Kami berberes. Syeni memungut BH dan blouse-nya yang tergeletak di lantai, terus mengenakan blousenya, bukan BH-nya dulu. Ternyata BH-nya dimasukkan ke tas tangan.

“Kok BH-nya engga dipakai ?”

“Entar aja deh di rumah”

“Entar curiga lho, suamimu”

“Ah, dia pulangnya malem kok, tadi nelepon dari kantor”

Dia mengancing blousenya satu-persatu, baru memungut roknya. Sexy banget wanita muda yang baru saja aku setubuhi ini. Blose ketatnya membentuk sepasang bulatan dada yang tanpa BH. Bauh dada itu berguncang ketika dia mengenakan rok mini-nya. Aku terrangsang lagi … Cara Syeni mengenakan rok sambil sedikit bergoyang sexy sekali. Apalagi aku tahu di balik blouse itu tak ada penghalang lagi.

“Kok ngliatin aja, pakai dong bajunya”

“Habis . kamu sexy banget sih …”

“Ah .. masa .. Kok bajunya belum dipakai ?”

“Entar ajalah . mau mandi dulu .”

Selesai berpakaian, Syeni memelukku yang masih bugil erat2 sampai bungkahan daging dadanya terasa terjepit di dadaku.

“Syeni pulang dulu ya Yang . kapan-kapan Syeni mau lagi ya .”

“Iya .. deh . siapa yang bisa menolak..” Tapi, kenapa nih .. Penisku kok bangun lagi.

“Eh .. Bangun lagi ya ..” Syeni ternyata menyadarinya.

Aku tak menjawab, hanya balas memeluknya.

“Mas mau lagi .?”

“Ah . kamu kan ditunggu suami kamu”

“Masih ada waktu kok …” katanya mulai menciumi wajahku.

“Udah malam Syen, lain waktu aja”

Syani tak menjawab, malah meremasi penisku yang udah tegang. Lalu dituntunnya aku menuju meja kerjaku. Disingkirkannya benda2 yang ada di meja, lalu aku didudukkan di meja, mendorongku hingga punggungku rebah di meja.

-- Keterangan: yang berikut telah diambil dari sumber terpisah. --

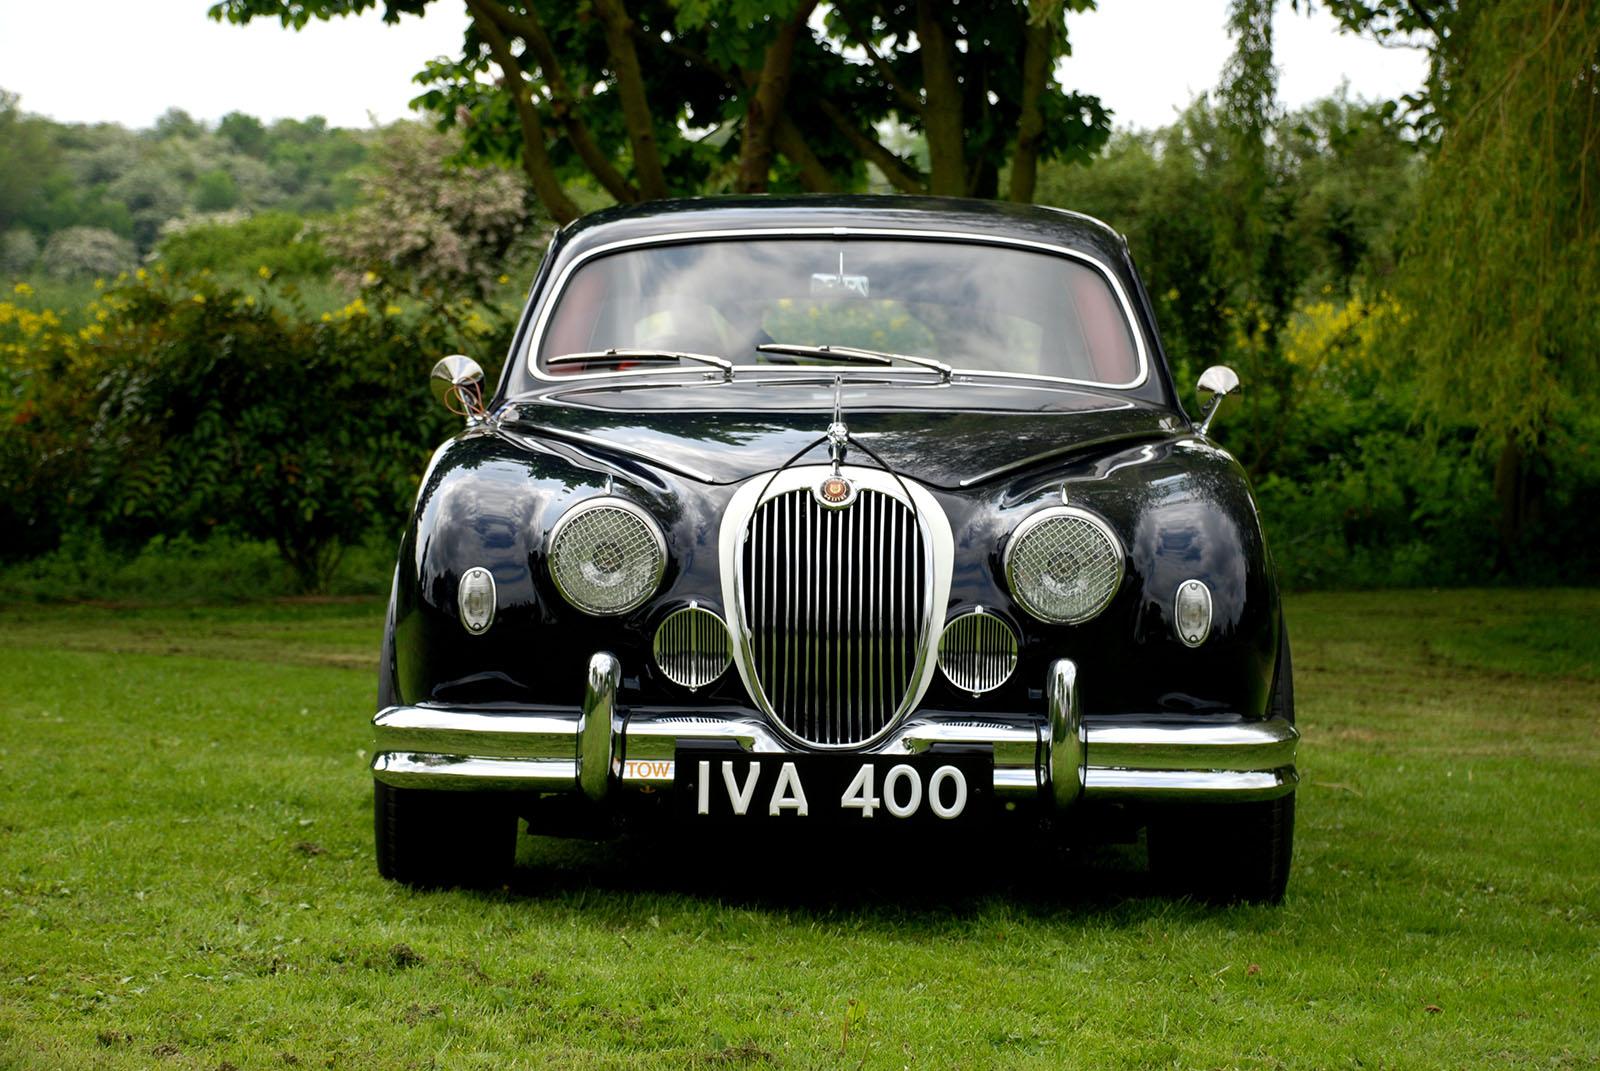 1959 bscc_Jaguar_competition_mk I_sayer selection_scragg_wilkinson_iva400_web_15.jpg
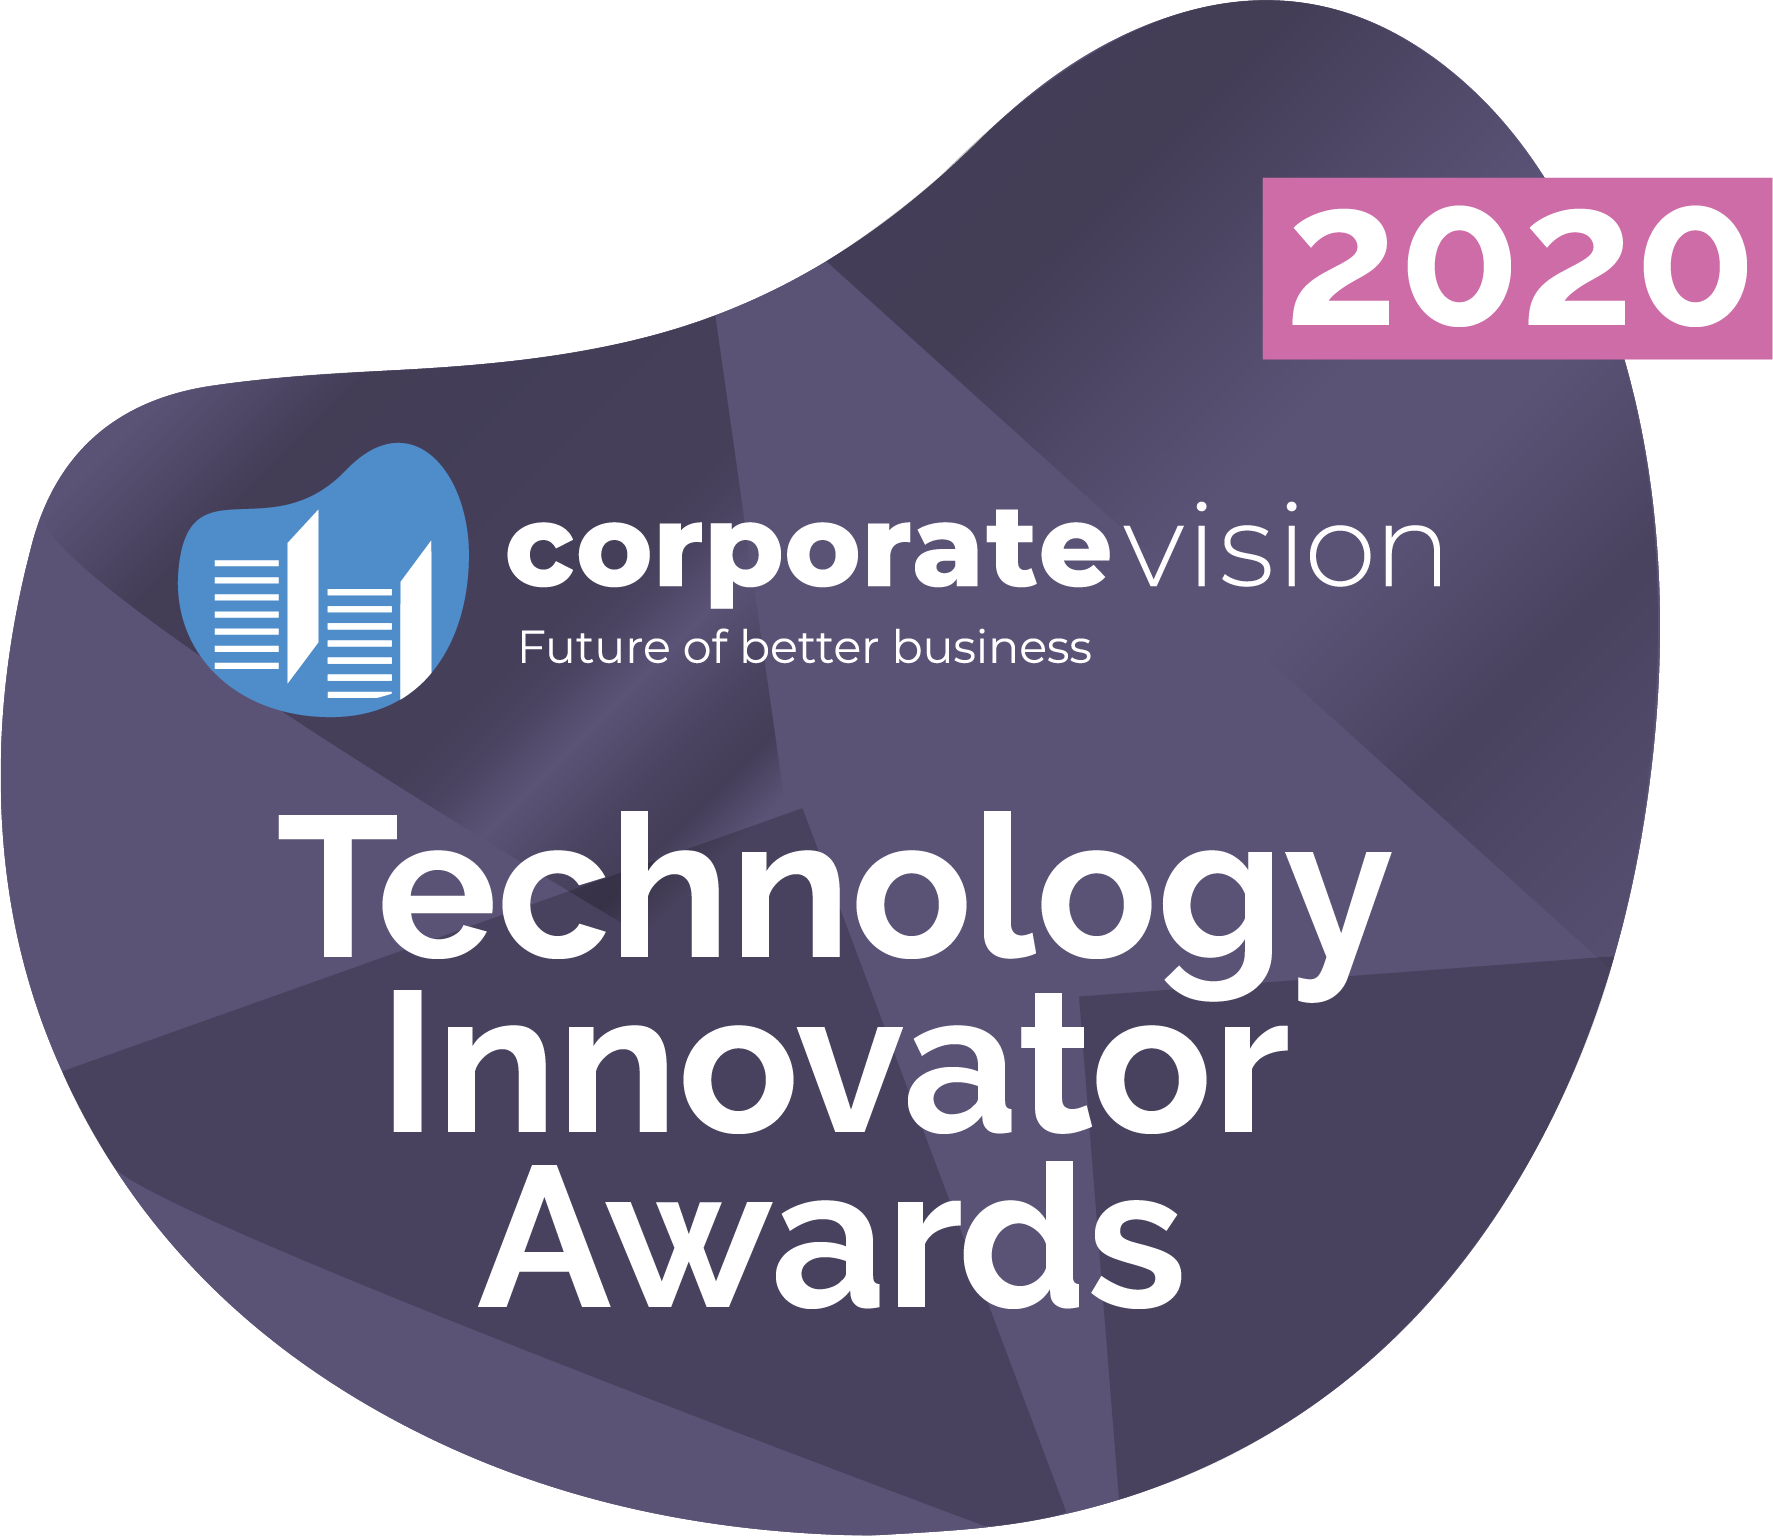 tech-innovator-award 2020

Lalu Syeni naik ke atas meja, melangkahi tubuhku, menyingkap rok mininya, memegang penisku dan diarahkan ke liang vaginanya, terus Syeni menekan ke bawah duduk di tubuhku. ..

Penisku langsung menerobos vaginanya ..

Syeni bergoyang bagai naik kuda .

Sekali lagi kami bersetubuh .

Kali ini Syeni mampu menccapai klimaks, beberapa detik sebelum aku menyemprotkan vaginanya dengan air maniku …

Lalu dia rebah menindih tubuhku .. Lemas lunglai.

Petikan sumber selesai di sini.